Зачем я пишу все это чуть ли не в сотый раз, зачем наполняю эту тетрадь страницами, похожими одна на другую, как похожи один на другой наши дни, месяцы и годы? Почему мне стыдно, даже наедине с дневником, признаваться самому себе в этой воровской комедии обладания, в этих осторожных вопросах, замаскированных желаниях, притворных жестах?.. Может быть, я неправ в своей постоянной борьбе с холодностью Лиды, в этих переходах от притворного спокойствия к нескрываемому бешенству, когда я совершенно забываю о свободной воле и желаниях другого, любимого мною человека. Но как оскорбительны эти установившиеся, стереотипные, похожие на привычно наносимые пощечины, ее фразы: «оставь меня сегодня»… «у меня болит голова»… «подождем лучше до вечера»… «милый, не отложить ли нам до завтра?»
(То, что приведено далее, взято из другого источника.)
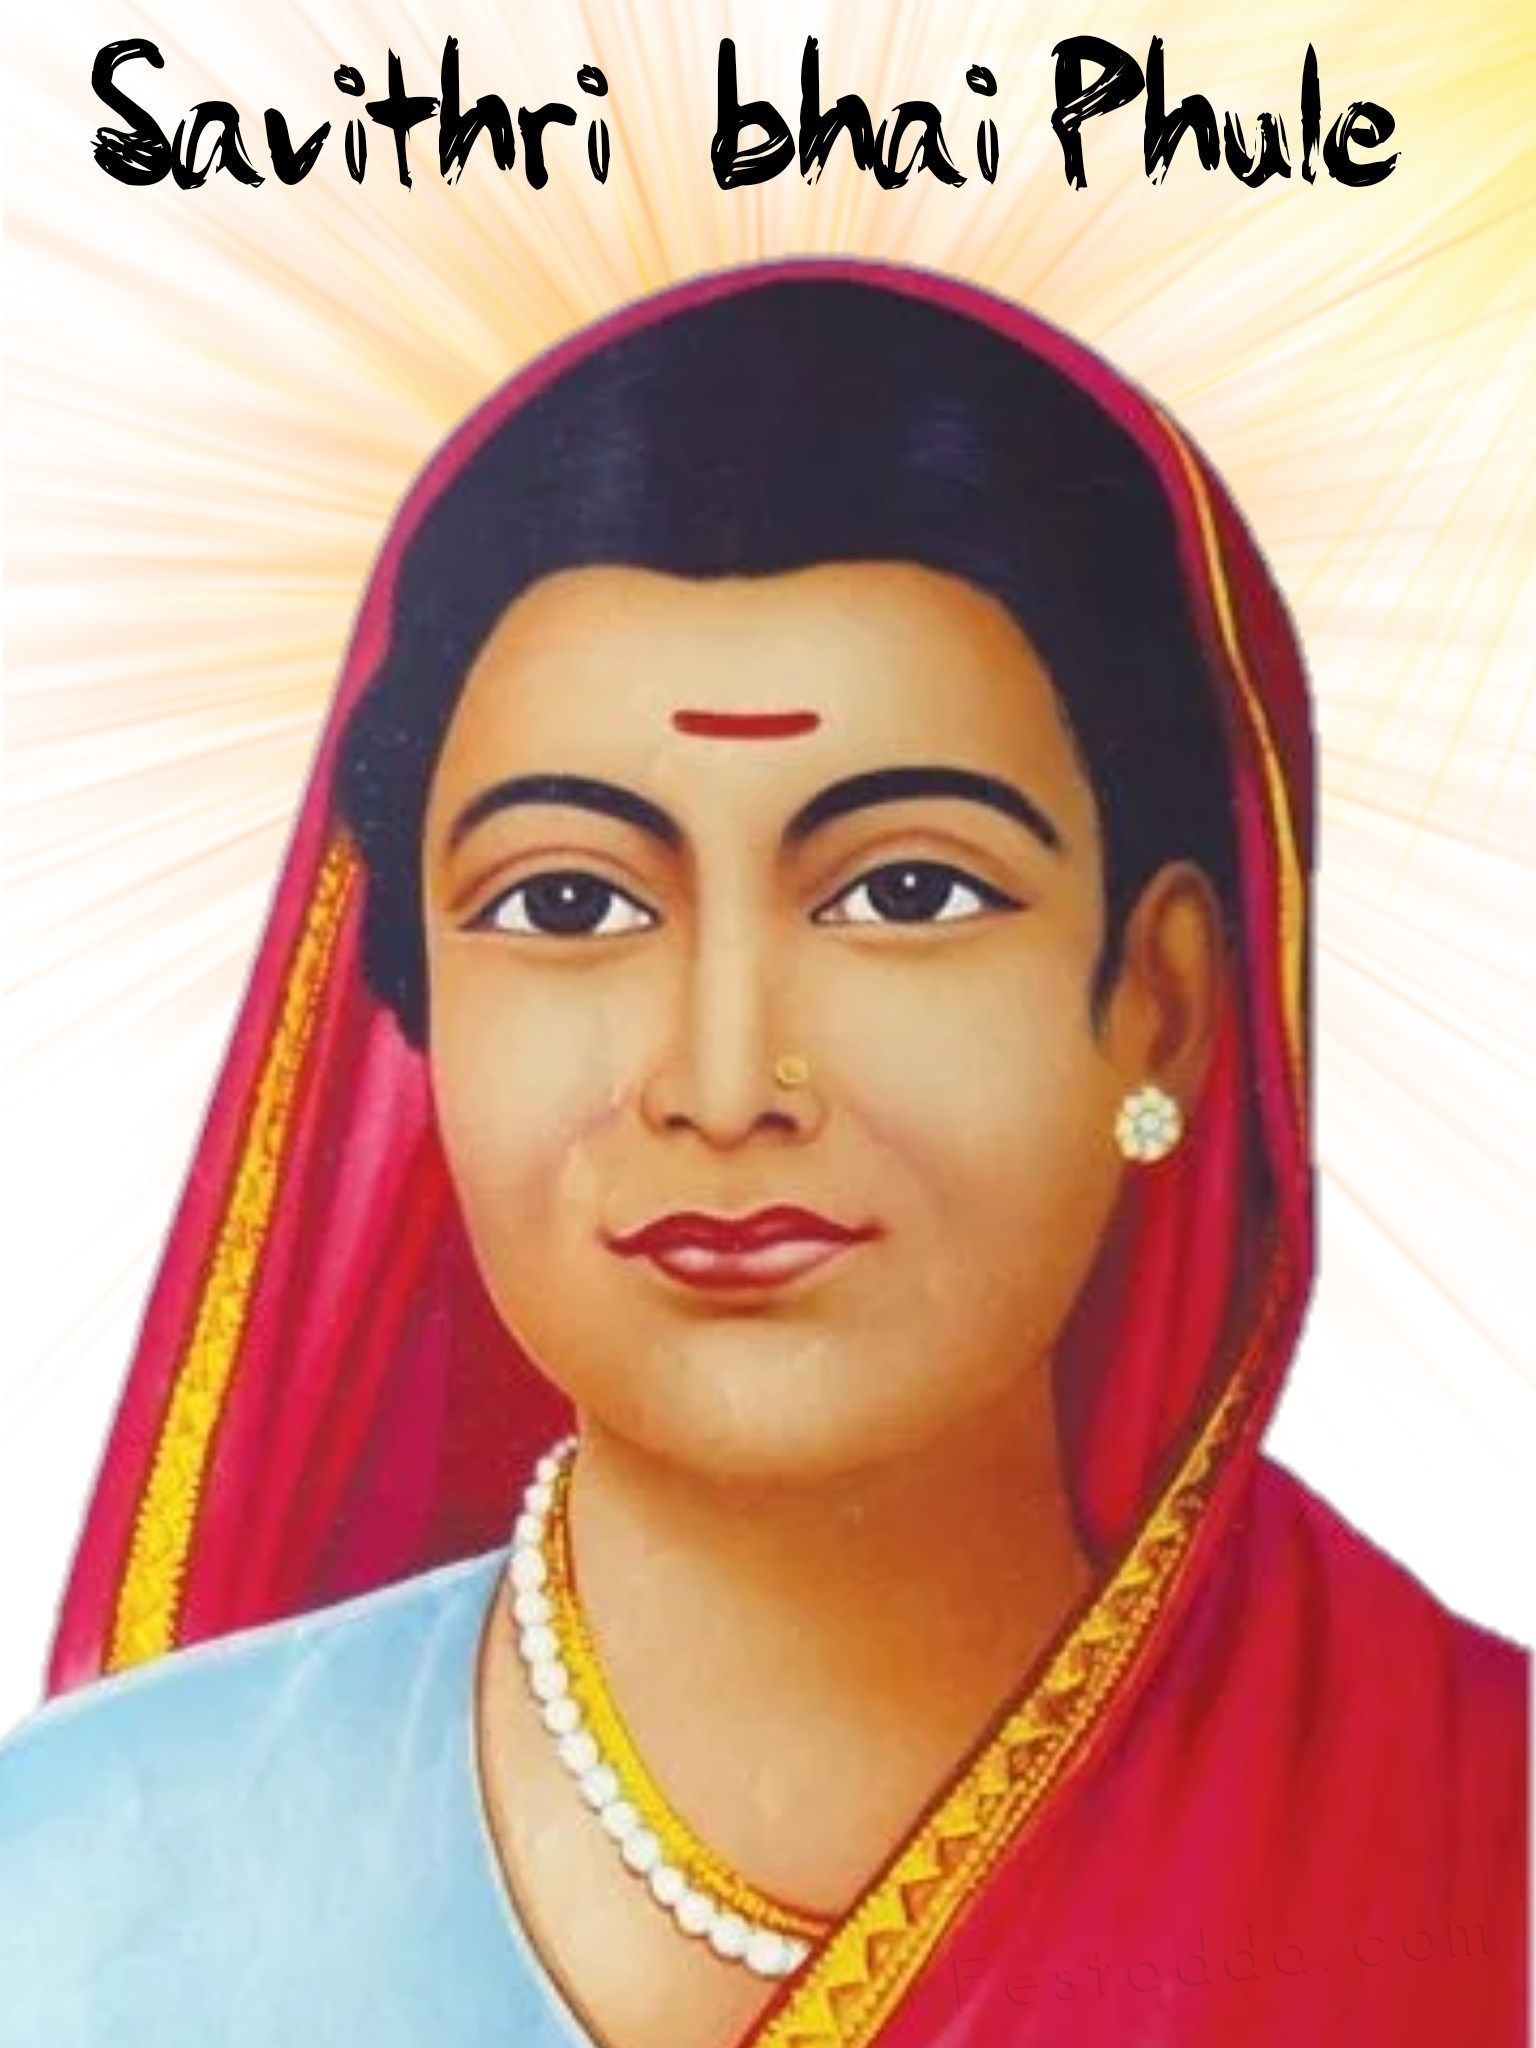 सावित्री बाई फुले, भारत की प्रथम महिला शिक्षिका: जीवनी और शिक्षा और महिला सशक्तिकरण में योगदान

О, минутами я презираю себя. Люблю я или не люблю Лиду? Страсть это или грубое, стремительное вожделение собственника, прозаическая, бесстыжая, редко удовлетворяемая похоть?
Не знаю, не знаю…
Два часа тому назад, медленными, но твердыми шагами я подошел к двери и постучал.
— Войди, — равнодушно сказала Лида с постели, — а я уже совсем сплю, отчего ты так долго не приходил?
В слабом свете ночника я увидел ее голову с плоско натянутыми прядями волос, увидел простенькую ночную полотняную кофточку с длинными рукавами без кружев.
— Ах, как мне хочется спать, — повторила она равнодушно, — спокойной ночи, мой милый. Поцелуй меня один раз на прощанье.
Я не подходил к ней и бормотал, глядя себе в ноги:
— Недурно… восхитительно… черт возьми, прямо великолепно…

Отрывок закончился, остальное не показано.